■ Work instructions: Transcribe the data verbatim and drop its images.

[[ Provided data, beginning ]]

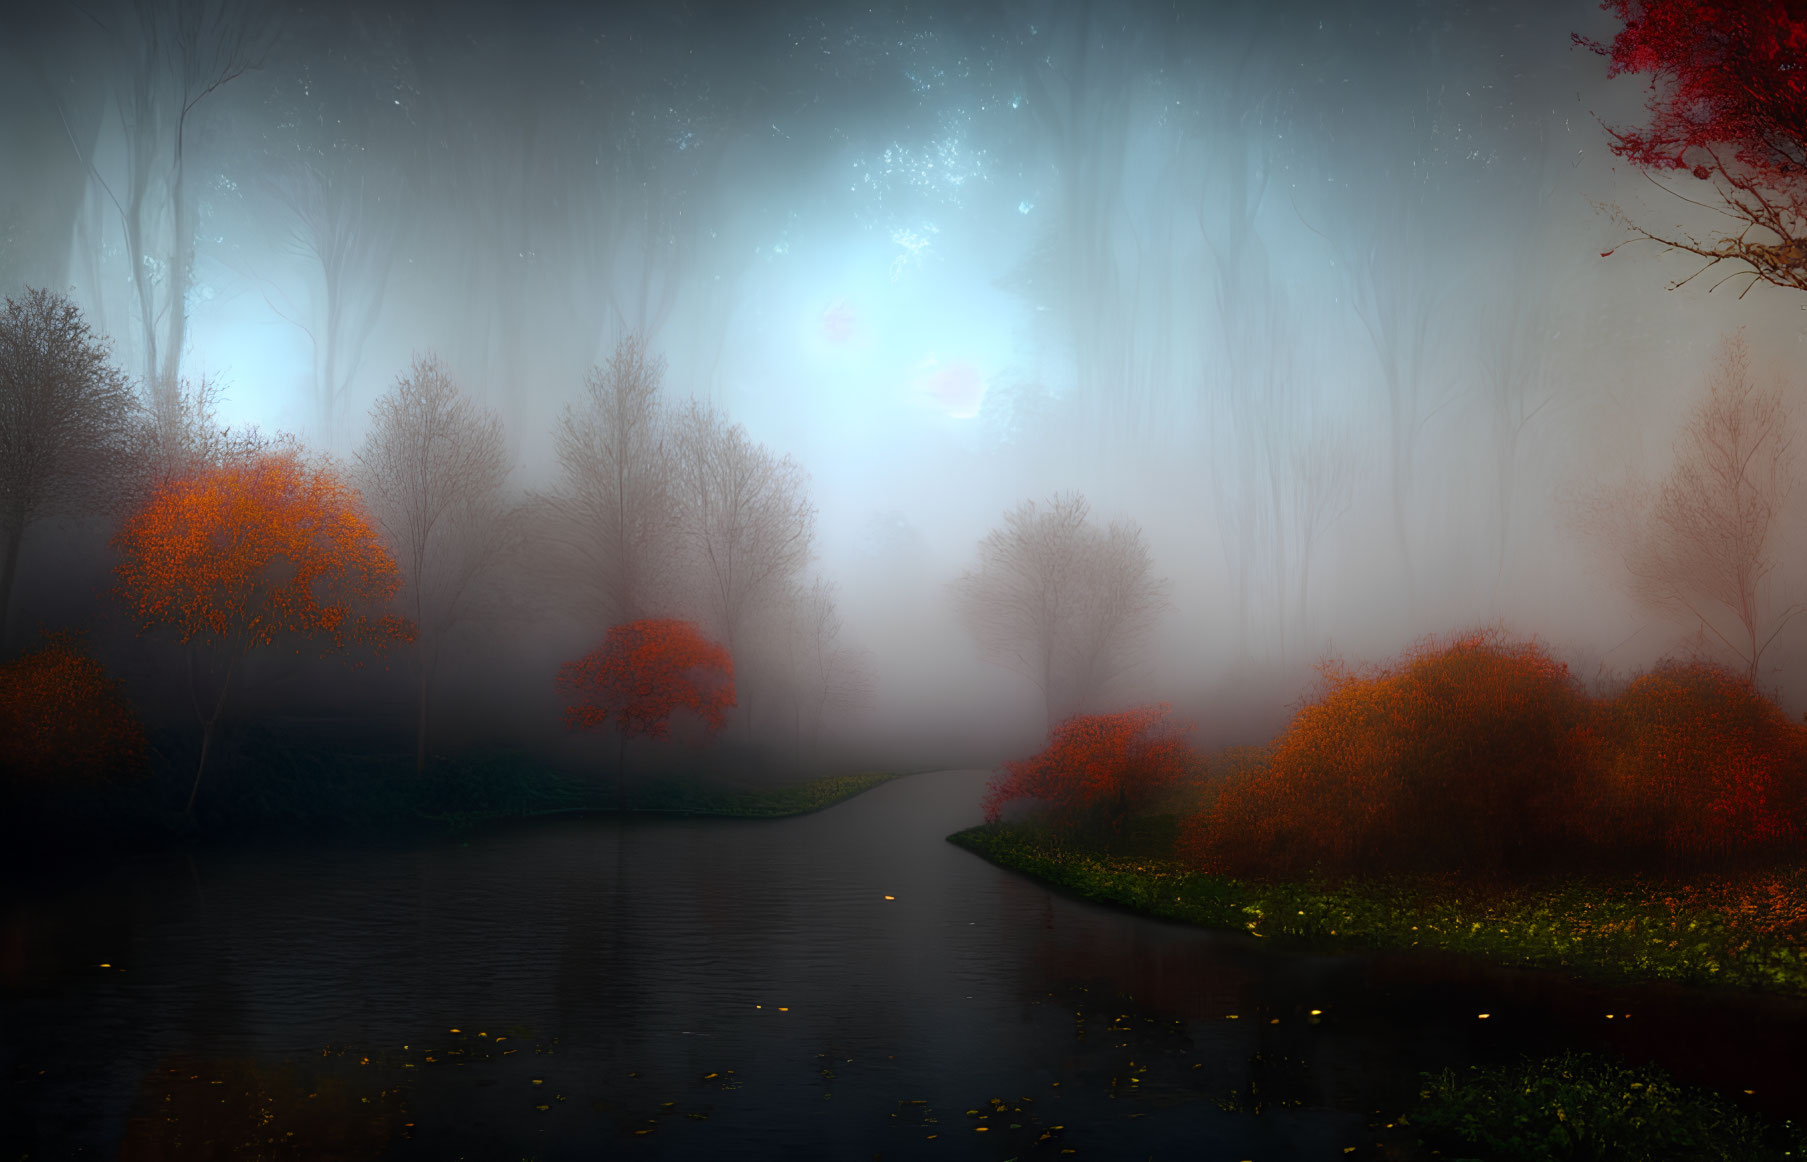 Mystical foggy landscape with glowing lights and red-leaved trees
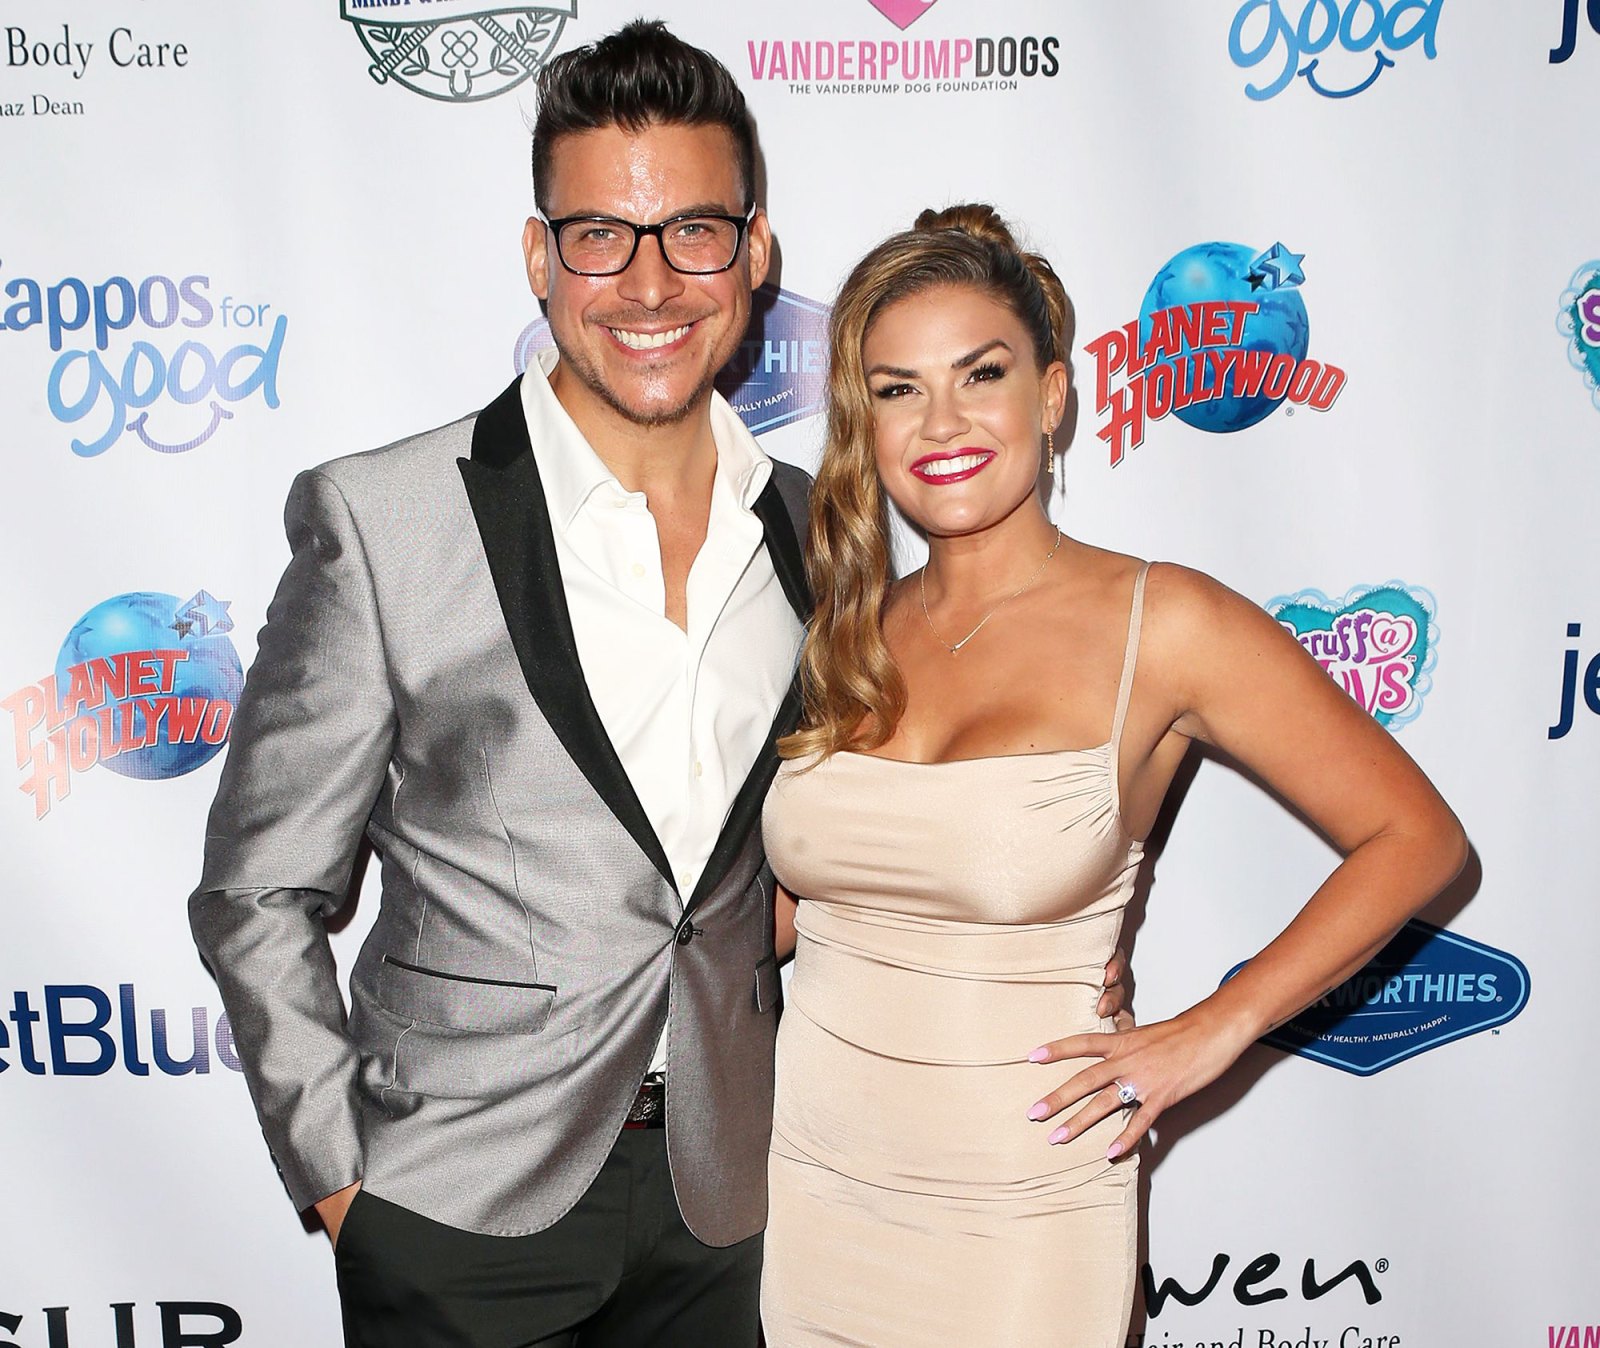 Jax Taylor and Brittany Cartwright 3rd Annual Vanderpump Dog Foundation Gala Pregnant Brittany Cartwright and Jax Taylor Quotes About Starting a Family
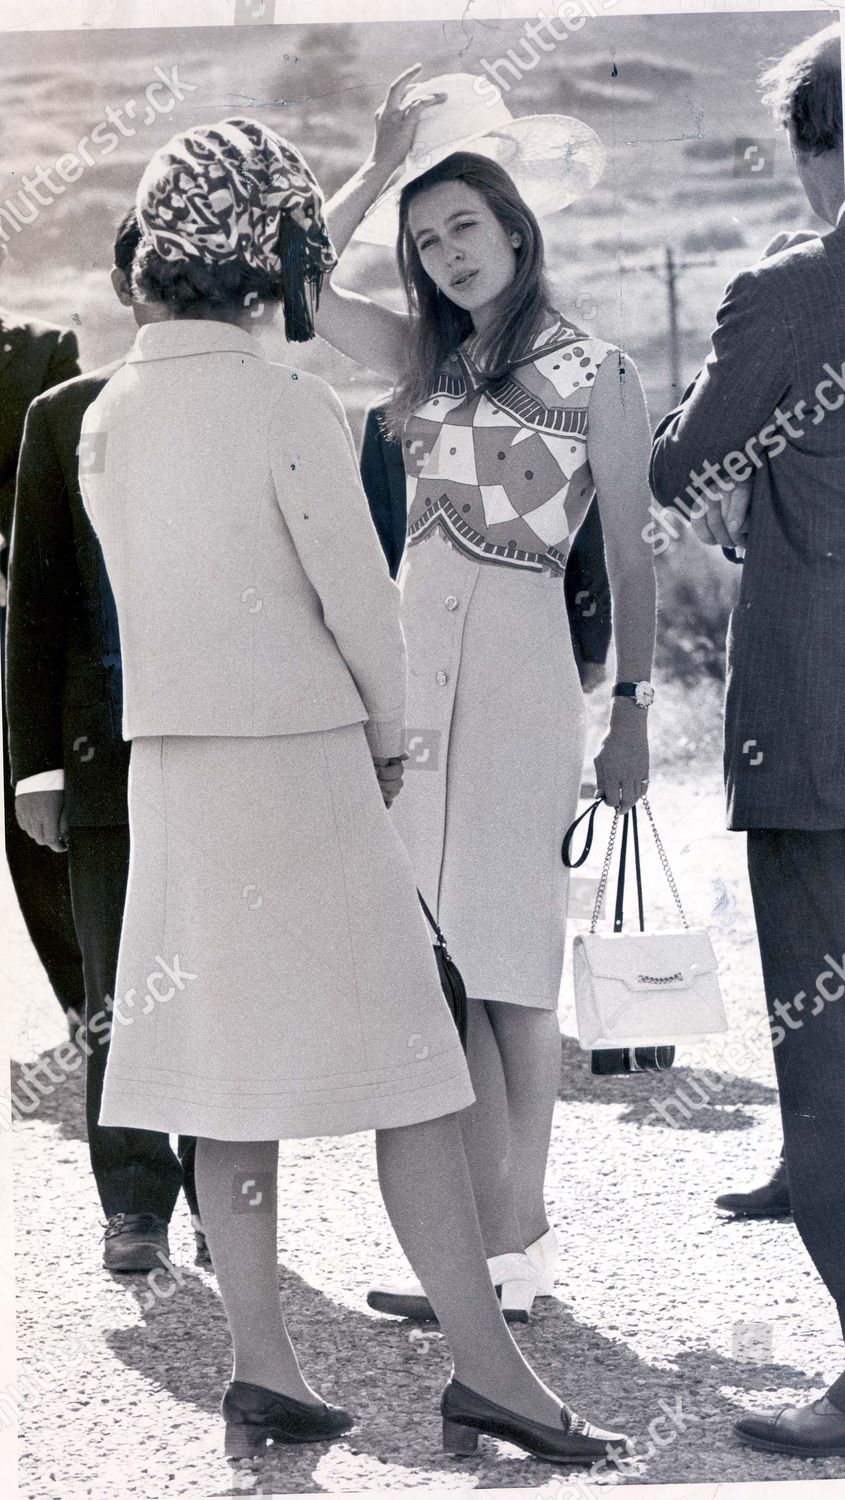 princess-anne-now-princess-royal-1971-picture-shows-princess-anne-at-ephesus-turkey-she-is-viewing-the-ruins-at-ephesus-from-beneath-a-wide-brimmed-hat-shutterstock-editorial-896312a.jpg

[[ Provided data, end ]]

■ Task result:
 Mystical foggy landscape with glowing lights and red-leaved trees
 Jax Taylor and Brittany Cartwright 3rd Annual Vanderpump Dog Foundation Gala Pregnant Brittany Cartwright and Jax Taylor Quotes About Starting a Family
 princess-anne-now-princess-royal-1971-picture-shows-princess-anne-at-ephesus-turkey-she-is-viewing-the-ruins-at-ephesus-from-beneath-a-wide-brimmed-hat-shutterstock-editorial-896312a.jpg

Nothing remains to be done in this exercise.